Les situations des deux enfants, envahis autant de peurs que d’espoirs, se répondent en hasards qui les conduisent ensemble – malgré l’écart de temps - dans les galeries du Musée d’histoire naturelle, caverne de rêves où se trouve une gigantesque maquette de New York. Ben y rencontre un ami qui l’aidera dans sa recherche.

On ne peut pas éviter de penser à une adaptation, également très réussie, d’un autre livre pour enfants de Brian Selznick, « L’invention d’Hugo Cabret » qui a inspiré Martin Scorcese pour rendre hommage à Méliès, génial réalisateur du temps du cinématographe.

Copyright Metropolitan FilmExport

Comme dans l’histoire de l’orphelin Hugo Cabret logé dans l’horloge d’une gare, on y retrouve des cachettes incongrues, des enfants esseulés qui doivent fuir les adultes, des mystères, le cinéma au temps du muet, l’abandon des enfants qui doivent prendre en main leur sort, un père ou une mère qui n’en finissent pas de hanter... Le souvenir et le songe s’emmêlent, mais sont-ils rêve ou réalité ?
Le livre est une oeuvre magnifique où Selznick joue sur les perceptions. D’une part, l’histoire de Ben est racontée en prose avec des dessins en couleurs, tandis que celle de Rose est transmise en magnifiques images en noir et blanc comme le cinéma d’antan, sans bulle puisqu’elle est sourde. L’alternance incite le lecteur à combler les vides et à sentir le silence. Un silence assourdissant.

Comme dans le livre, le spectateur du film ne sait ce qui appartient à la réalité ou au domaine du rêve, les jeunes héros vivent dans des mondes parallèles à l’abri du temps, mais les deux niveaux du récit se réfléchissent l’un sur l’autre.

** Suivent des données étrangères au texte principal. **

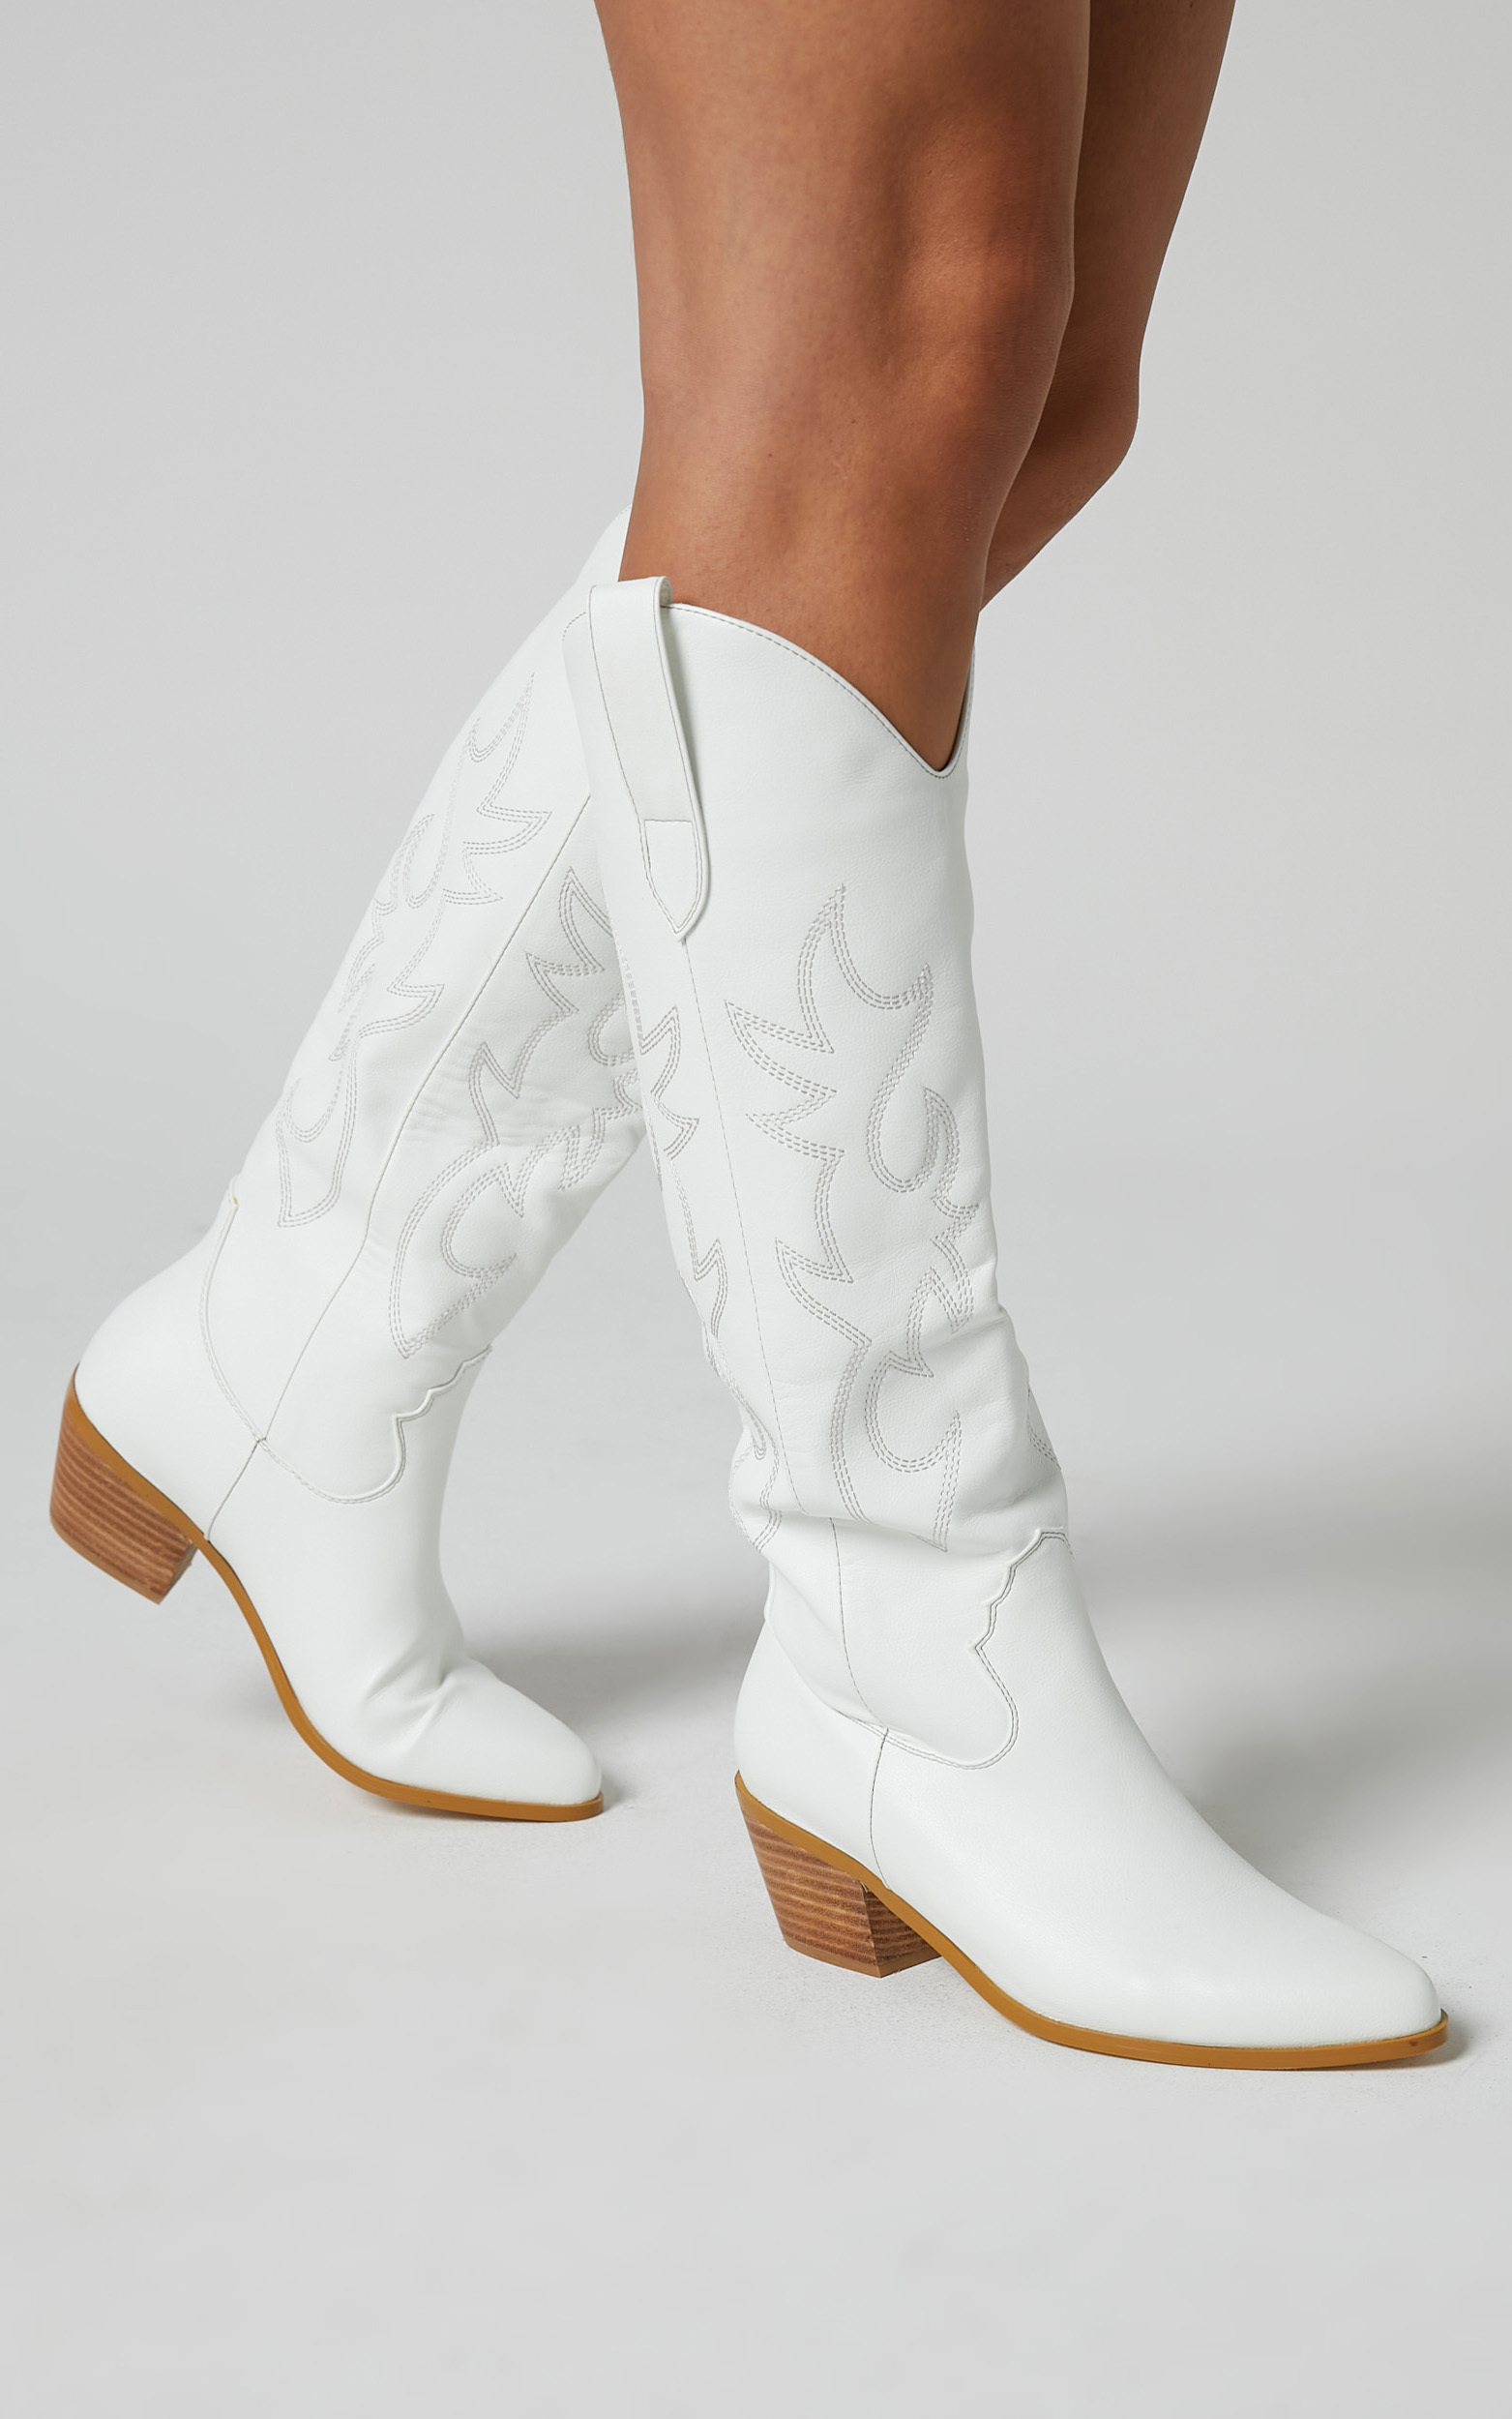 Billini - Urson Boots in White - 06, WHT1, hi-res image number null

Copyright Metropolitan FilmExport

Todd Haynes a toujours eu une attention fétichiste pour les reconstitutions. Ici, il mêle, sans brèches temporelles, les deux destins et les deux époques, l’une à la fin des années 1920 et l’autre cinquante ans plus tard dans de formidables reconstitutions d’époques différentes : le New York d’autrefois et celui plus récent des années 70 où la ville était particulièrement mal entretenue. L’onirisme du scénario est renforcé par la musique de Carter Burwell et par le jeu des jeunes interprètes qui sont excellents : Oakes Fegley et Millicent Simmonds, auxquels il faut ajouter l’actrice fétiche du réalisateur, Julianne Moore dans un double rôle à découvrir.

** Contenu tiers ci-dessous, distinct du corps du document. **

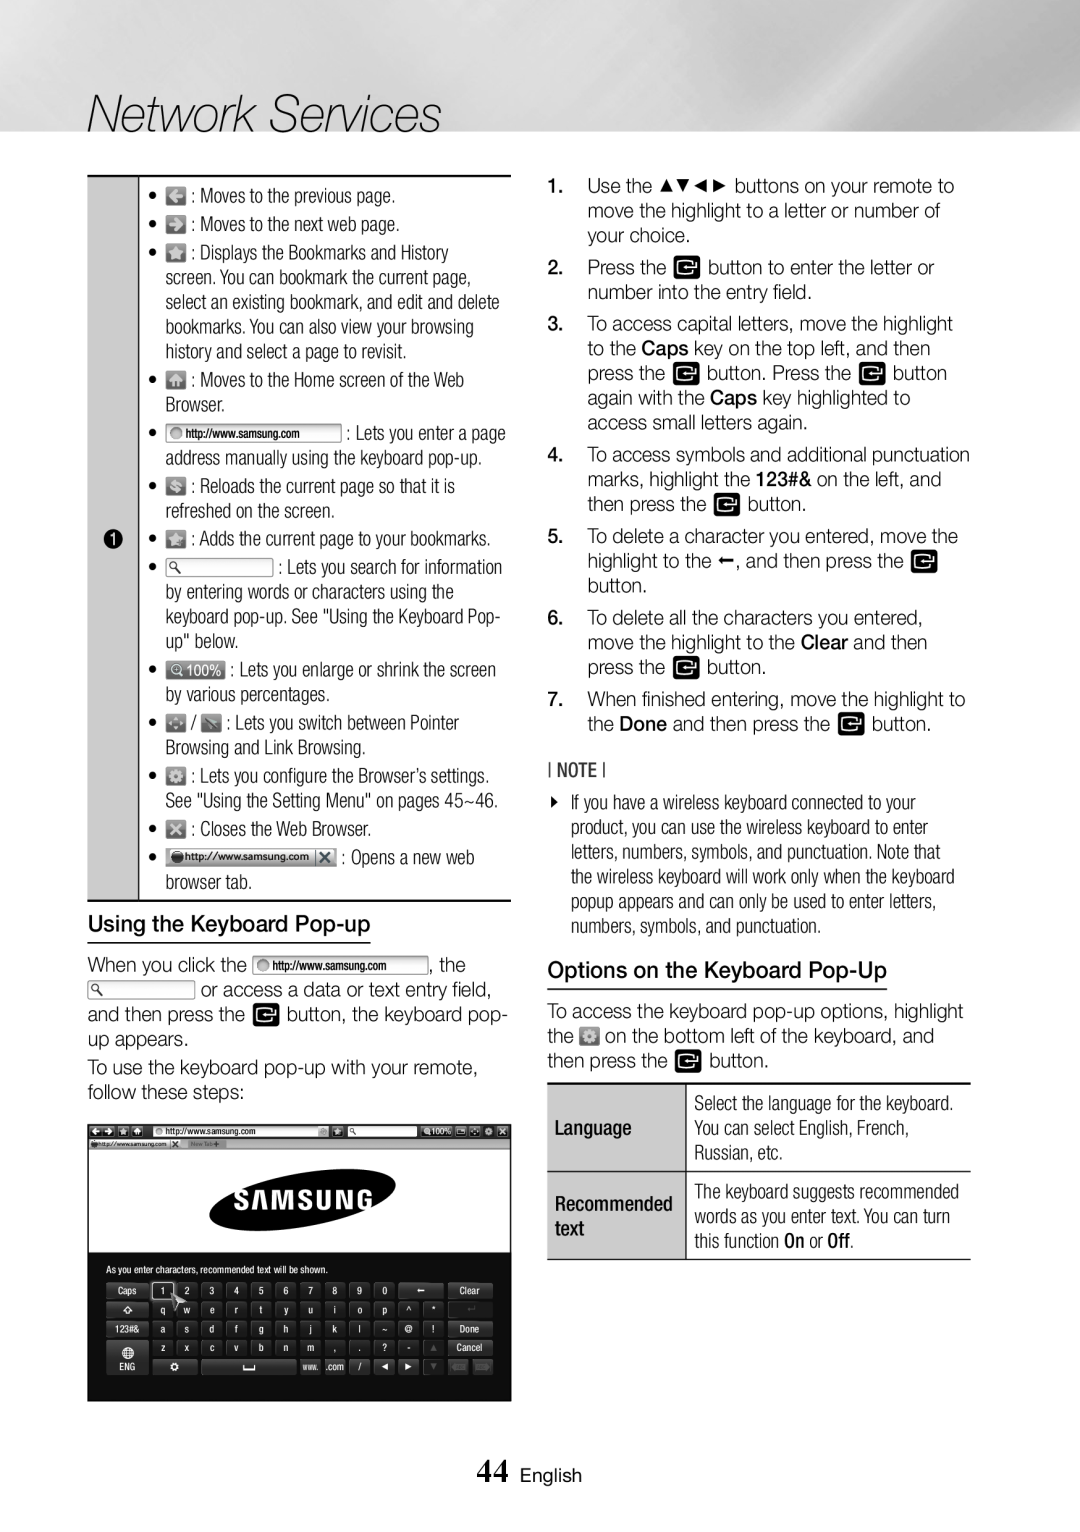 Samsung BD-J7500/EN manual Using the Keyboard Pop-up, Options on the Keyboard Pop-Up, Network Services

De film en film, l’oeuvre de Todd Haynes s’impose comme essentielle. On a admiré « Velvet Golmine », « Loin du Paradis » « I am not there » et « Carol ». Cette fois il réalise un film hypersensible sur l’enfant plutôt qu’un film pour enfants, même si les jeunes spectateurs devraient l’adorer et être aussi émus que les adultes.